Book 3 of 52: The Green Year: 365 Small Things You Can Do to Make a Big Difference
I read The Green Year: 365 Small Things You Can Do to Make a Big Difference
(Pub date Dec. 2) by Jodi Helmer because I interviewed her about “green” holidays and one very green lady for an article I’m writing for The Philadelphia Inquirer. I started flipping through the book about a half hour before the interview, and finished it later that night.
It’s an easy read, which is a good thing for this kind of book. I write quite a bit about green topics, and I run into a lot of people who think that it would cost way too much money and time to switch over to a green lifestyle.
That’s why Jodi’s book is a perfect way to get into a greener life, or give your own green ways a tune up. It’s 365 ways to be more planet friendly and, yes, you can do just about every one in one day. That’s also why it was a quick read — it’s one item per page, and they don’t walways fill the page.

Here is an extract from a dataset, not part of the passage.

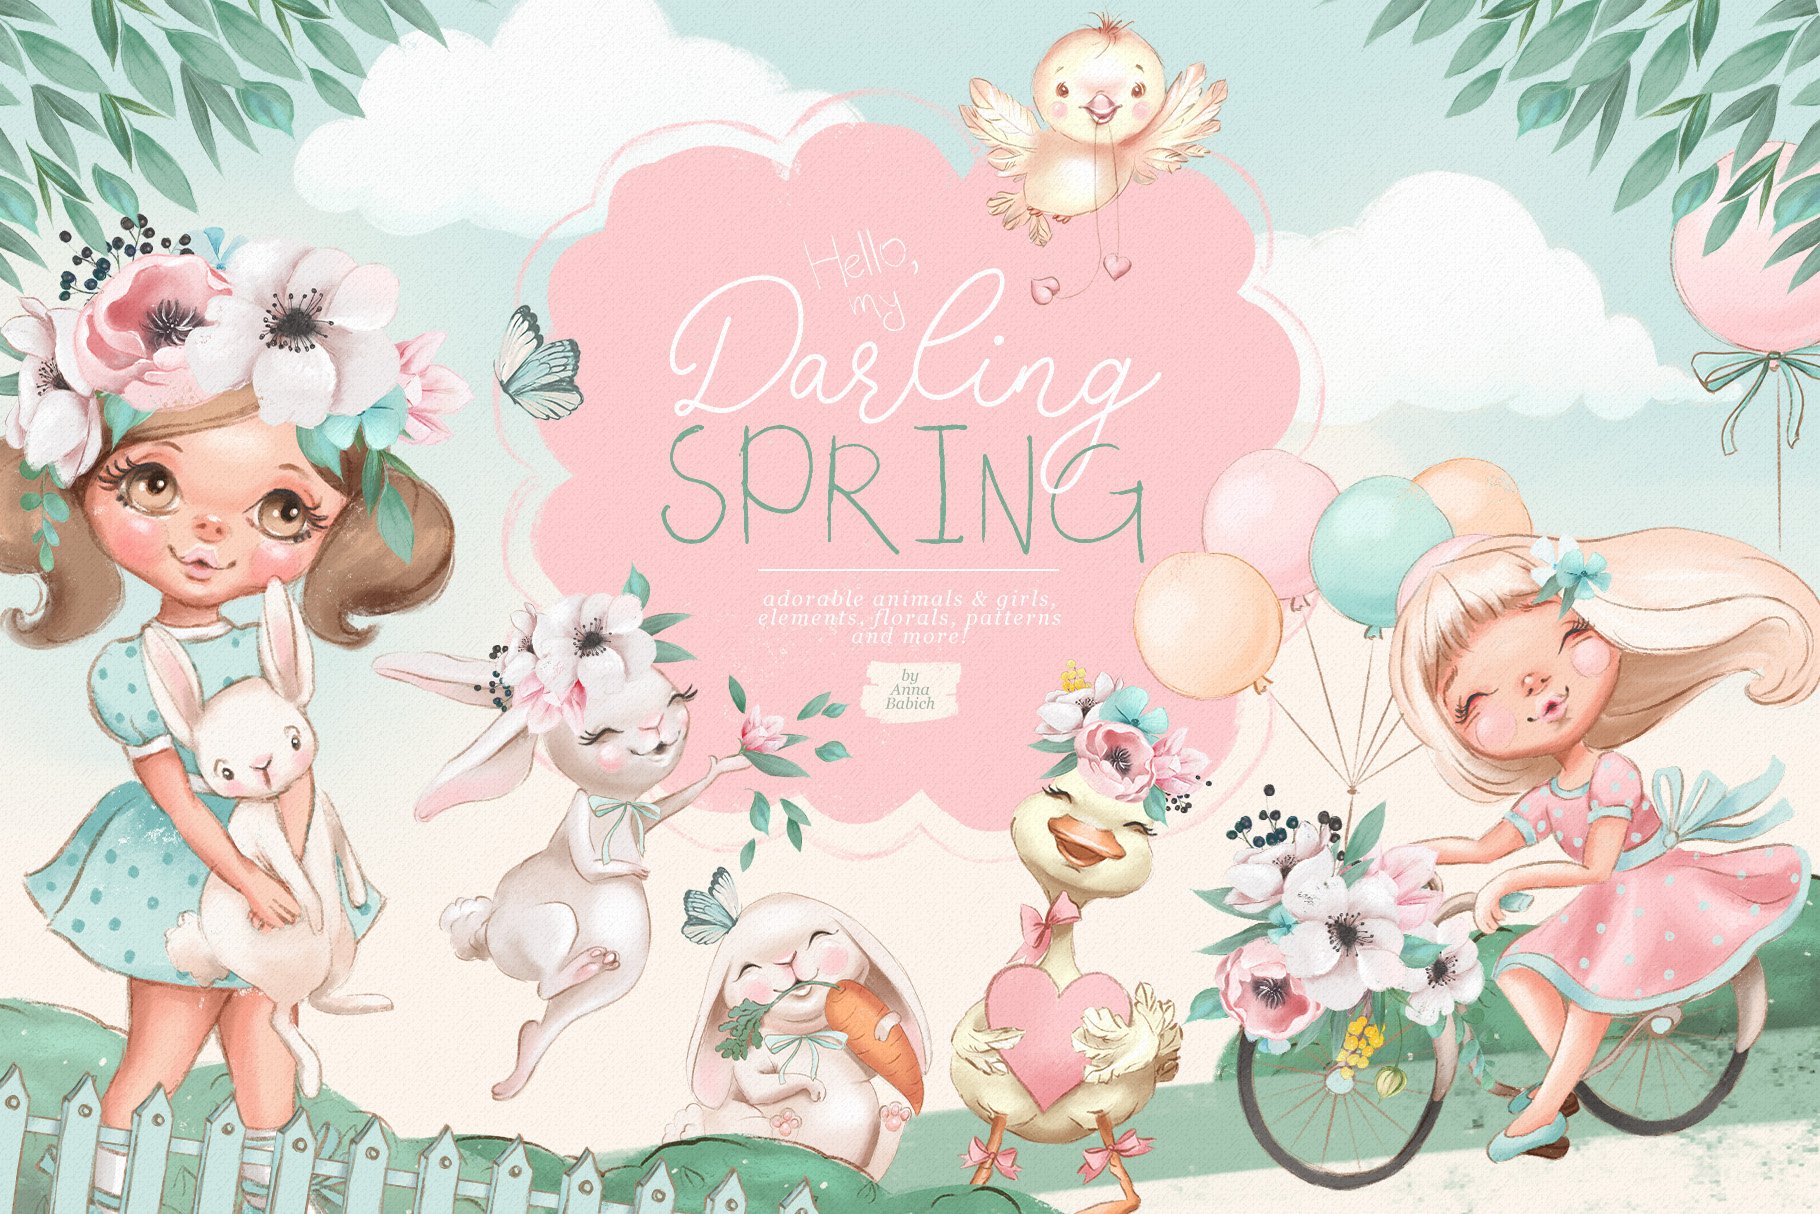 Darling Spring

Now, when I started in, I figured I was a green smarty pants and had already done at least 75 percent of the things she suggests on the book.
FAIL.
I started putting stickies on all those that I wanted to do and ended up filling who knows how many pages — at least three colors of my sticky pack, though I will say that I checked off a few dozen as “done.”

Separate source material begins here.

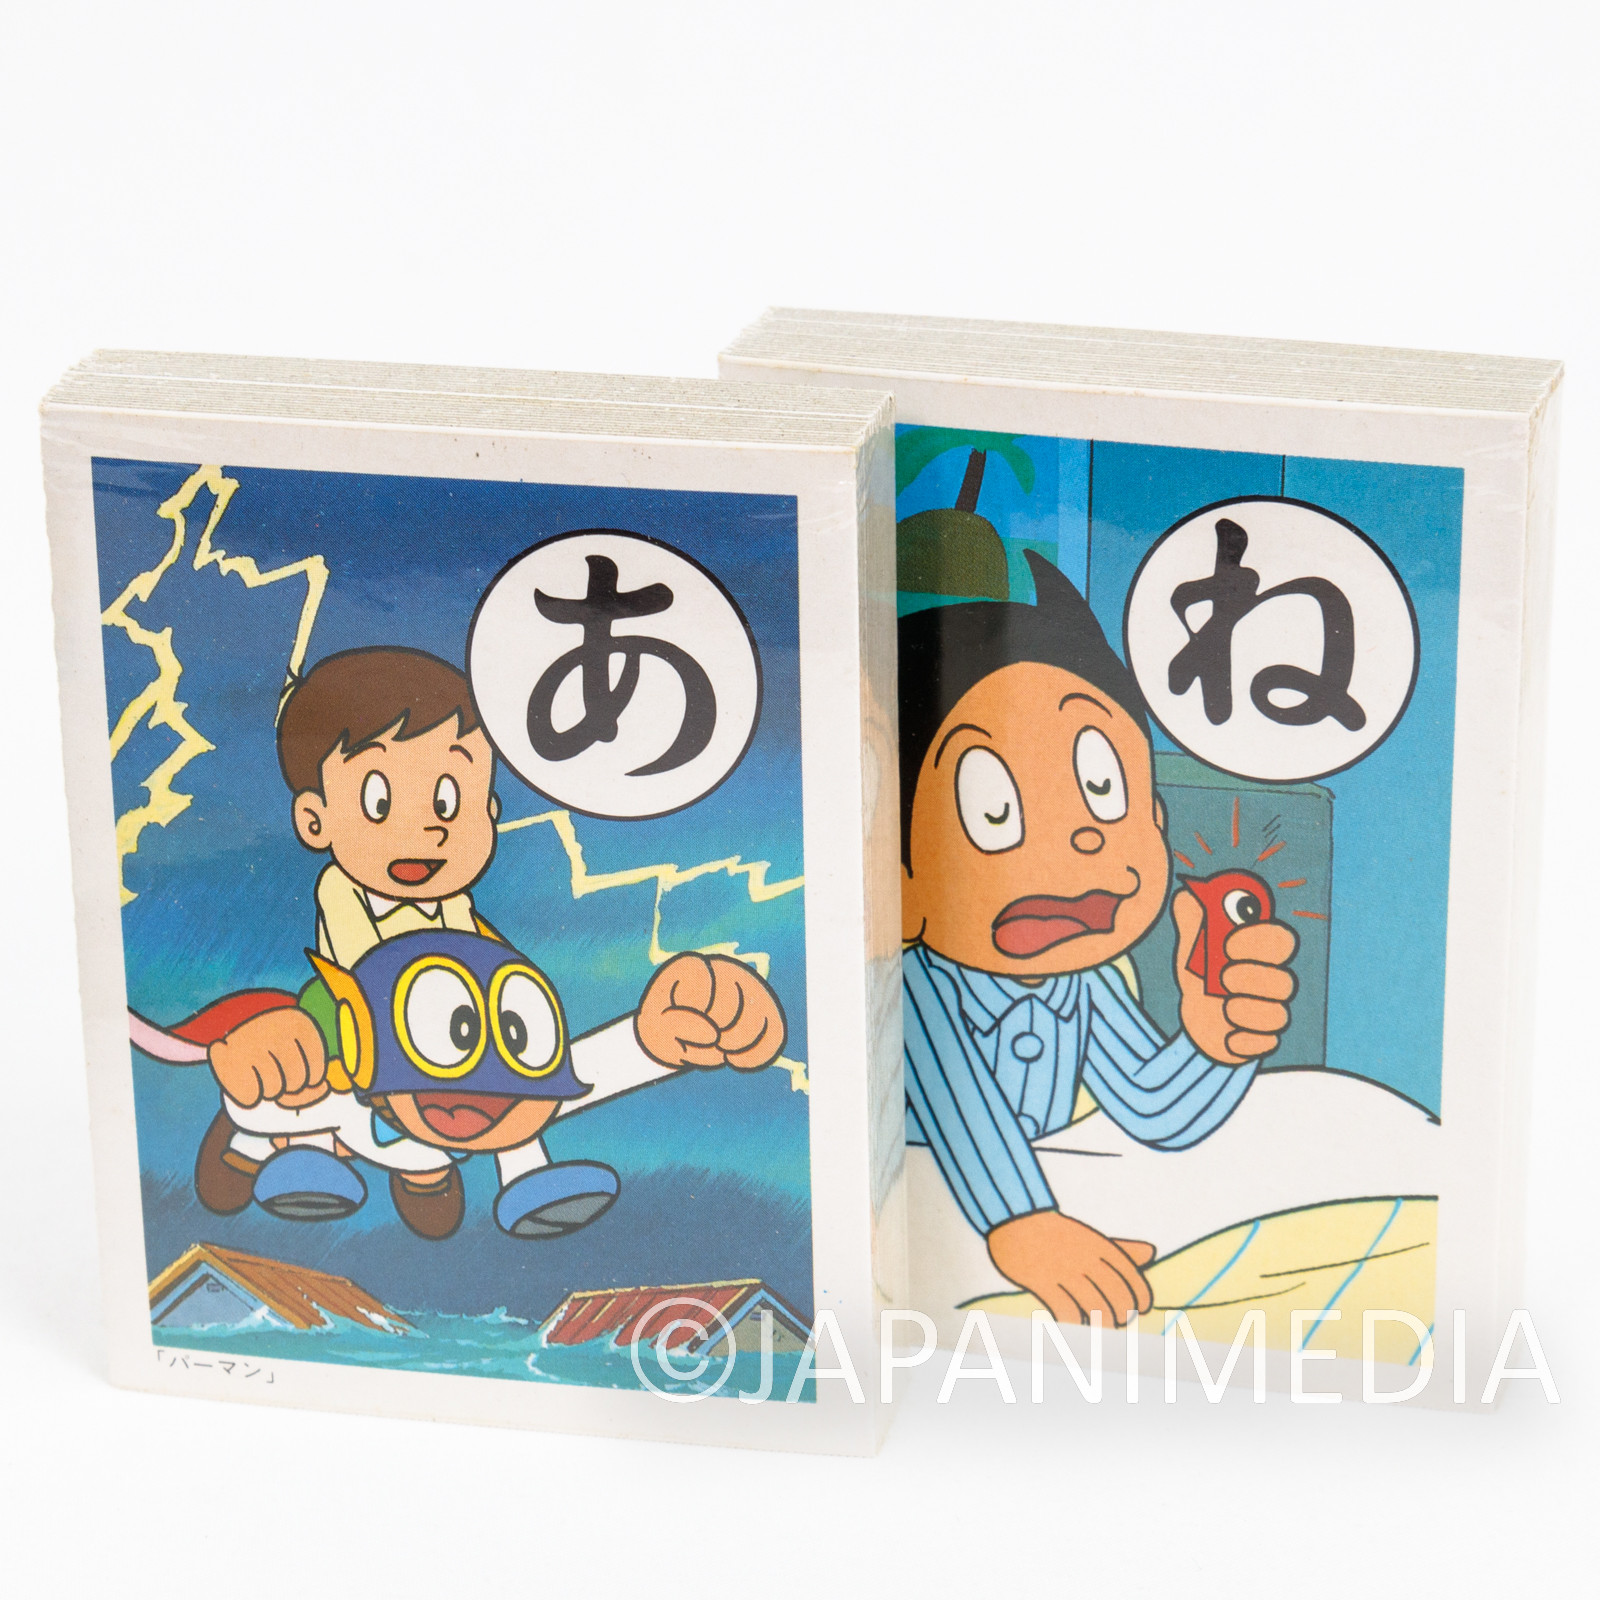 Perman Karuta Traditional Japanese playing cards Fujiko F Fujio

Some suggestions are those that I keep MEANING to do, like insulating my water heater (January 4) and switch to cloth dinner napkins (March 2). Others are bigger steps I would like to take plan a vegetable garden (April 28) and buy houseplants (May 17) — they may seem easy, but not for those if us born sans the green thumb. I even learned about www.greensingles.com. How cool!
But this did remind me that I do a lot even if I’m not perfect. I took PATCO to Rutgers-Camden where I teach instead of driving. I probably would have saved money driving, but not time, pollution and aggration. I shopped the Collingswood Farmer’s Market whenever I could so that I was eating local fresh produce and supporting local farmers (last weekend of the season is this year. Sniff, sniff). As I wrote for an upcoming issue of Edible Jersey magazine, I don’t have to take out the trash every week because of how much I compost. I’m going to probably get rid of my garbage disposal becauses I just don’t use it, and the extra storage space under the sink would be nice.
So do I recommend this book? Of course I do — a great holiday gift for the greenie or future-greenie in your life. Or for yourself, of course.